# What's this fungus among us?



## mzgarden (Mar 16, 2012)

These popped up in several places and I'm not having luck identifying them on the internet.
Any suggestions would be appreciated. They are growing in the grass. First pic is a close up of one 'mound' that is in the second pick. Second pick shows a collection and the feet of my 3 y/o DGD might give perspective as to size. Thank you.


----------



## ShannonR (Nov 28, 2012)

In the grass? Hmmm, idk.

If it were growing on stumps or wood I would guess a honey mushroom species


----------



## ShannonR (Nov 28, 2012)

Can you get pics if the stem and gills?


----------



## Bearfootfarm (Jul 13, 2006)

These are similar:

http://prairiewood.blogspot.com/2010/10/on-mushroom-trail.html


And these are also:

http://porkpienews.blogspot.com/2009/11/norfolk-pies.html


----------



## Wolf mom (Mar 8, 2005)

I'll be watching this as I also have these growing in my lawn. Actually, I now have 3 different kinds currently growing.


----------



## sisterpine (May 9, 2004)

Holy Hannah! They appear to be aliens of some type...perhaps from Planet Mushroomamoungus or maybe one of their moons. Please use extreme caution when removing so the spores do not get loose. Those are nasty looking.


----------



## tinknal (May 21, 2004)

Honey Mushrooms.

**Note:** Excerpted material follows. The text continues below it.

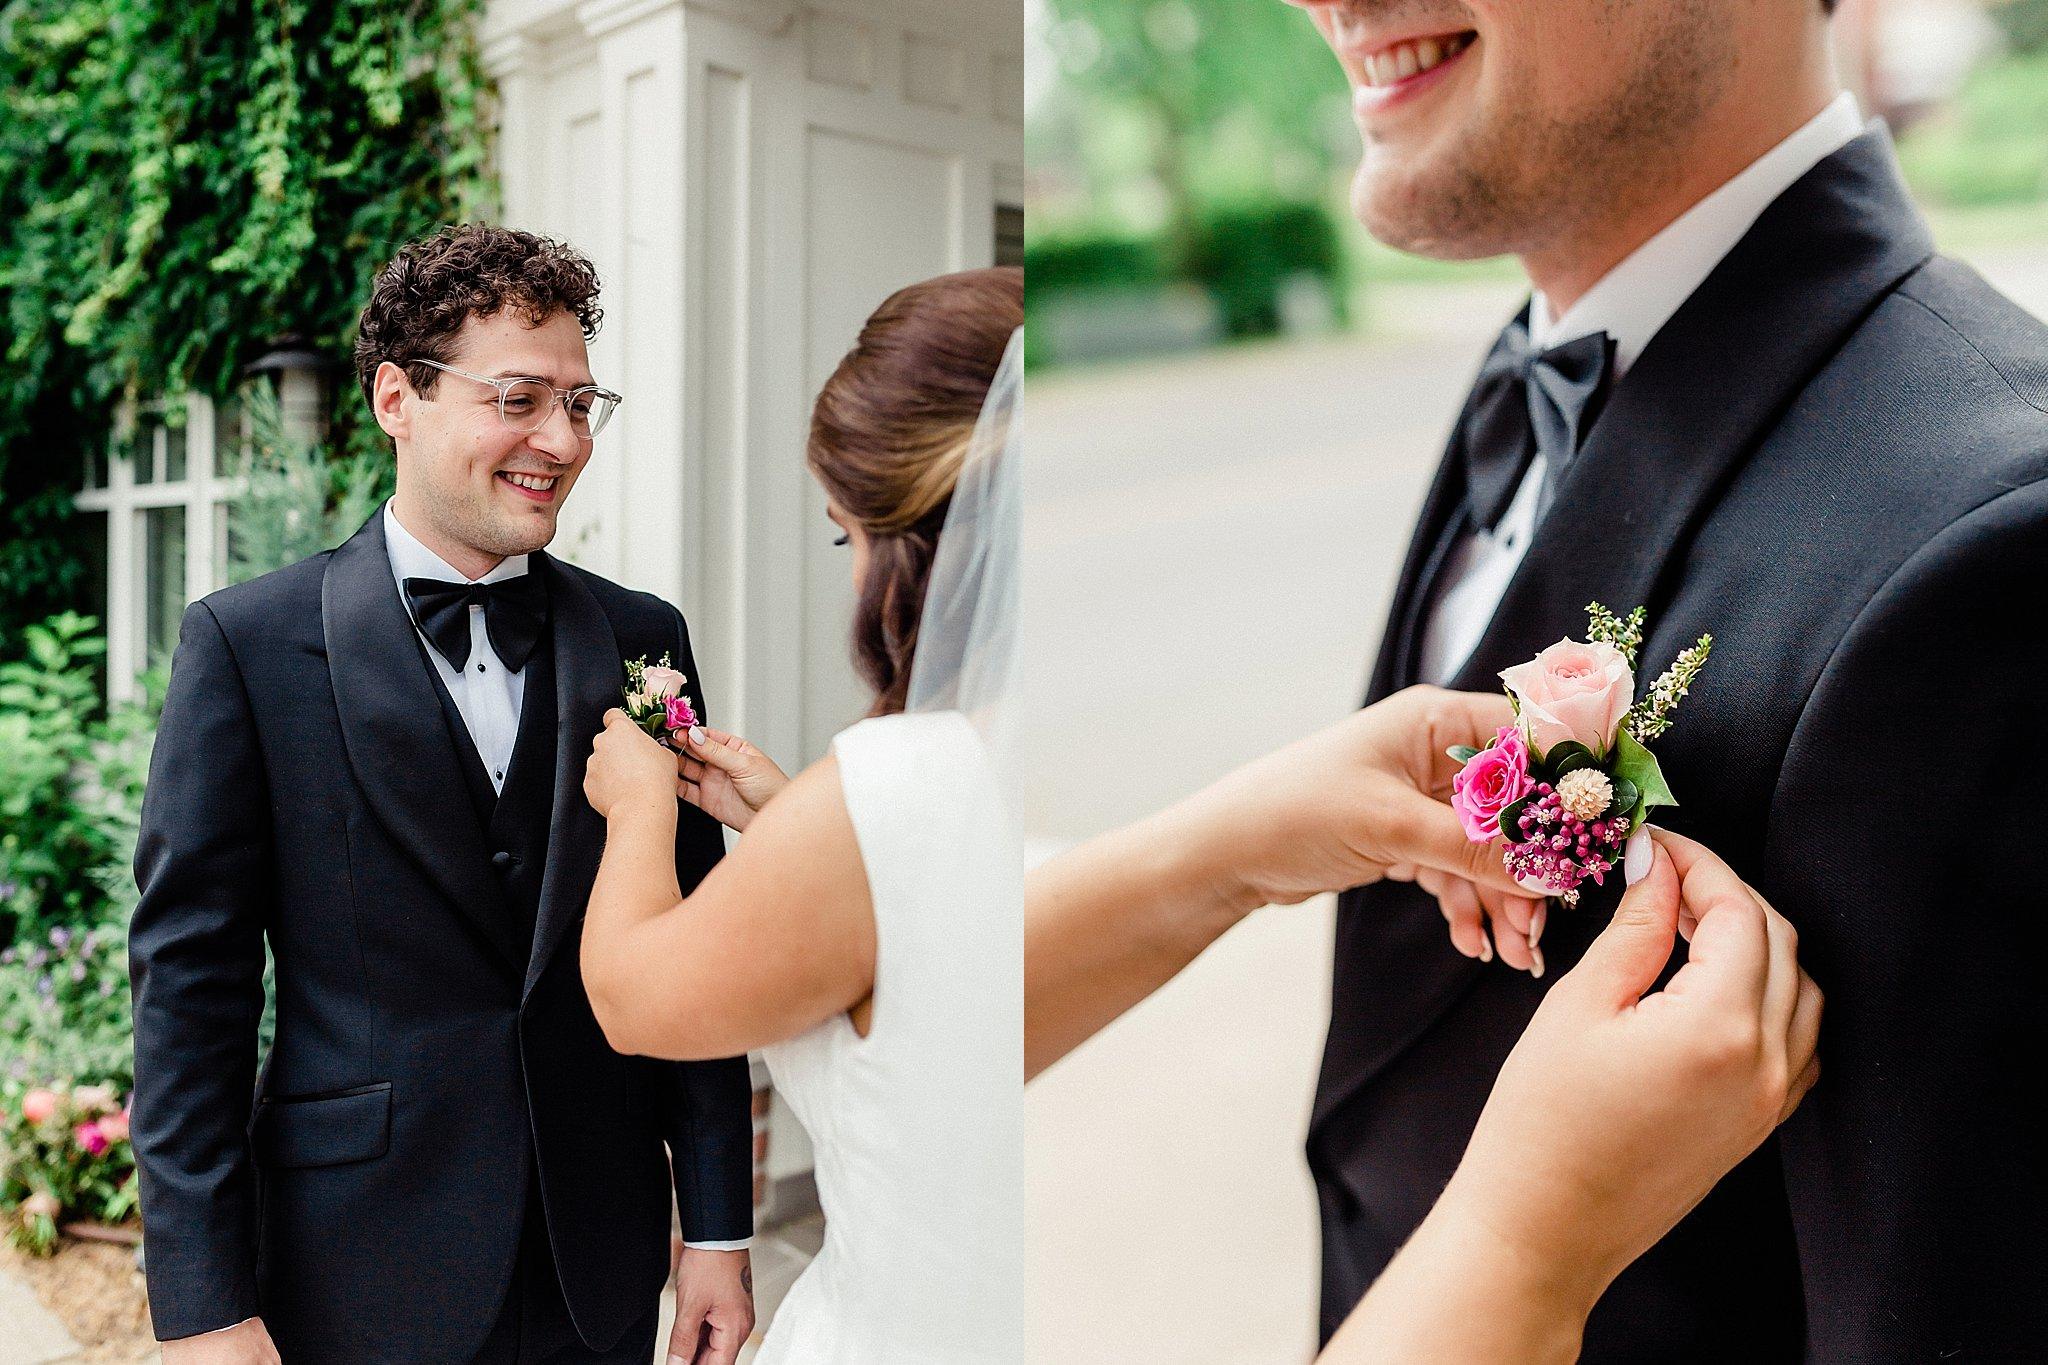 Durham Region Wedding Photographer, Toronto Wedding Photographer, Durham Region Film Photographer

Edible, I've heard various opinions on taste and quality.


----------



## mzgarden (Mar 16, 2012)

Interesting. I'm going to watch to see if they reappear this year.


----------



## goodatit (May 1, 2013)

honey mushrooms


----------



## tinknal (May 21, 2004)

mzgarden said:


> Interesting. I'm going to watch to see if they reappear this year.


They will, unless you have a drought. Interesting fact; a Honey Mushroom in Oregon is considered the largest living organism on earth. It's mycilium covers about 15000 acres!


----------



## ShannonR (Nov 28, 2012)

Honey mushrooms (genus Armillaria) are considered a parasitic mushroom. Meaning, they grow on wood that is dead or dying. Often, the fungus will kill trees that weren't in perfect health to begin with.

My first guess on these the OP took pics of, is honey mushroom. But unless they are growing on stumps or wood buried in the ground, they are unlikely to be what we think.


----------